VMWare and SANs - Major VMware Flaw

Many many shops around the globe are using VMware now and have been for a while.  A few months ago i posted a blog about a flaw in VMWare version 4.0 that required you to update to version 4.0 update 1 to fix it.  Well i dont think its really fixed.  So here is the story of the last few days of my life.  If you have a SAN and use VMware, i highly suggest you read it and take note.

Day 1 Sunday - Recieved notification from our SAN system that a hard drive in one of SAN units had failed.  No big deal, it happens.

Day 2 Monday - Tell Junoir admin to call HP and order new drive for lefthand SAN unit with issue.

Day 3 Tuesday - Still no hard drive, supposed to arrive in 4 hours, nothing as of noon.  4pm rolls around, a second drive in the same SAN unit kicks offline.  At this moment in time, 7 LUNs go offline.  The LUNs that go offline are for duplicated data that does not need to be kept online and can be restored from backup or an online live copy ( reporting/achive data from live databases ).

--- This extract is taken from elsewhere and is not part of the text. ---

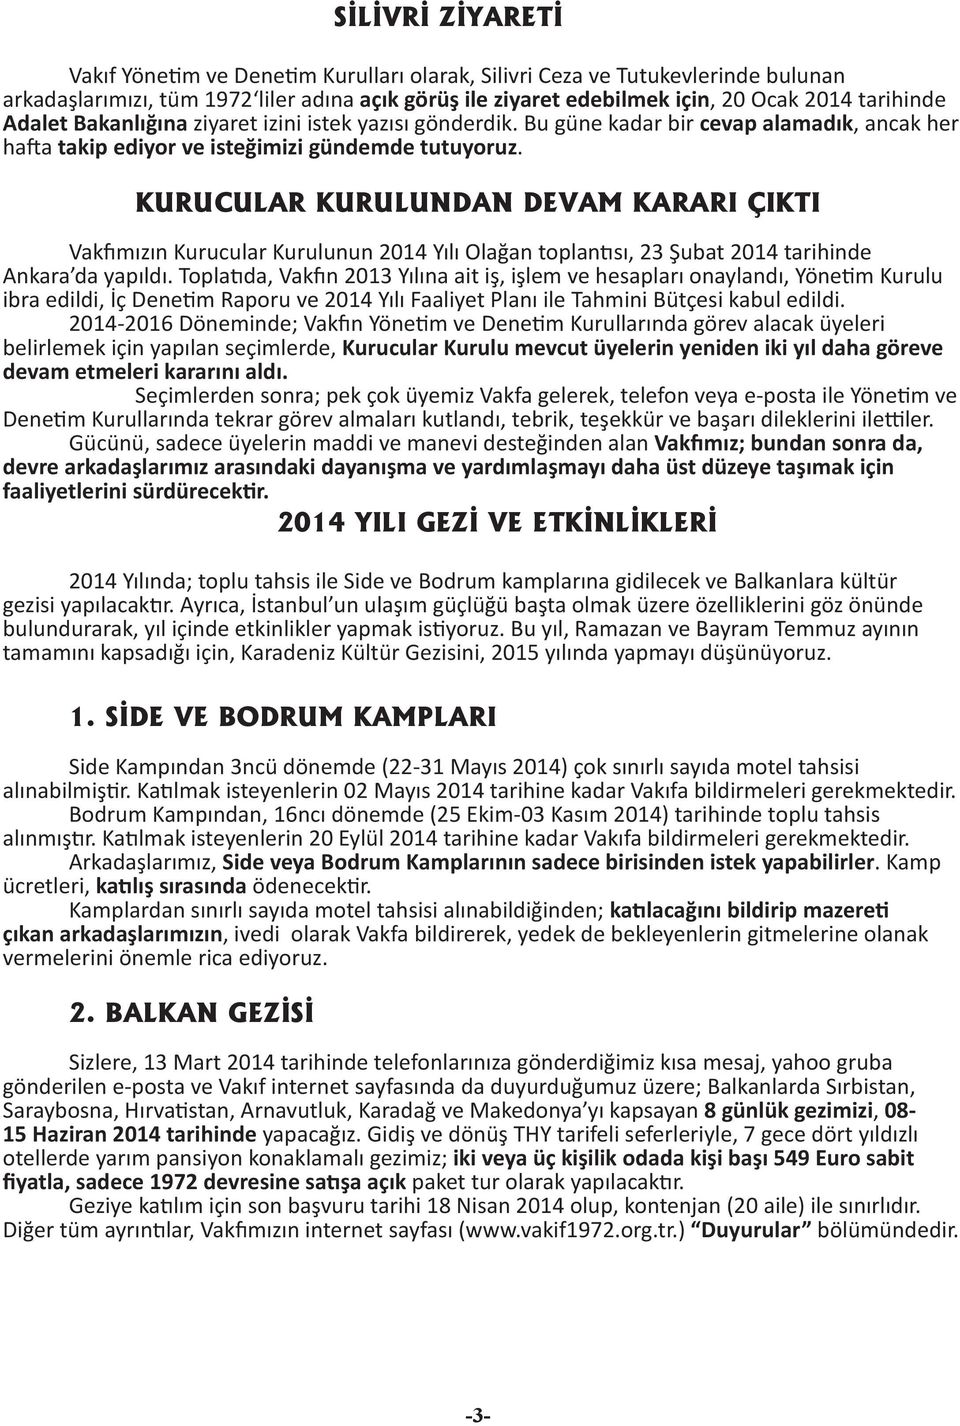 URUCULAR URULUNDAN DEVAM ARARI ÇITI Vak mızın urucular urulunun 2014 Yılı Olağan toplan sı, 23 Şubat 2014 tarihinde Ankara da yapıldı.

After a half hour, 2 of my vmware hosts are now reporting as "not responding".  I call vmware, they stare at it for a bit, then decide to disconnect a host and bring it back, host doesnt come back.  By now half my virtuals are showing as not responding.  VMWare brings on a storage specialist, who then determines that the secondary LUNs that went offline are causing ALL of our vmware hosts to show up as not responding.  He then tells me i have to either disconnect the LUNs fromt the host side or hide the LUNs and reboot the hosts.  Well I would LOVE to do that, but because they are not responding, i cant access them to remove the LUNs NOR can i vmotion the virtuals off the hosts!  So its either restore the LUNs or hard reset all the hosts.  Meanwhile some of the virtuals go into a nonresponsive mode as well so i cant even issue a shutdown command remotely.

So bottom line on this, DONT let you LUNs go offline.  Sure, i can prevent all SAN failures, no problem.... give me a break.  This issue is a HUGE blunder in their programming department.  I can litterly tap into someones vmware environment, unplug a single SAN unit and  watch the whole thing crash and burn.  This was NOT the case in vmware 3.5.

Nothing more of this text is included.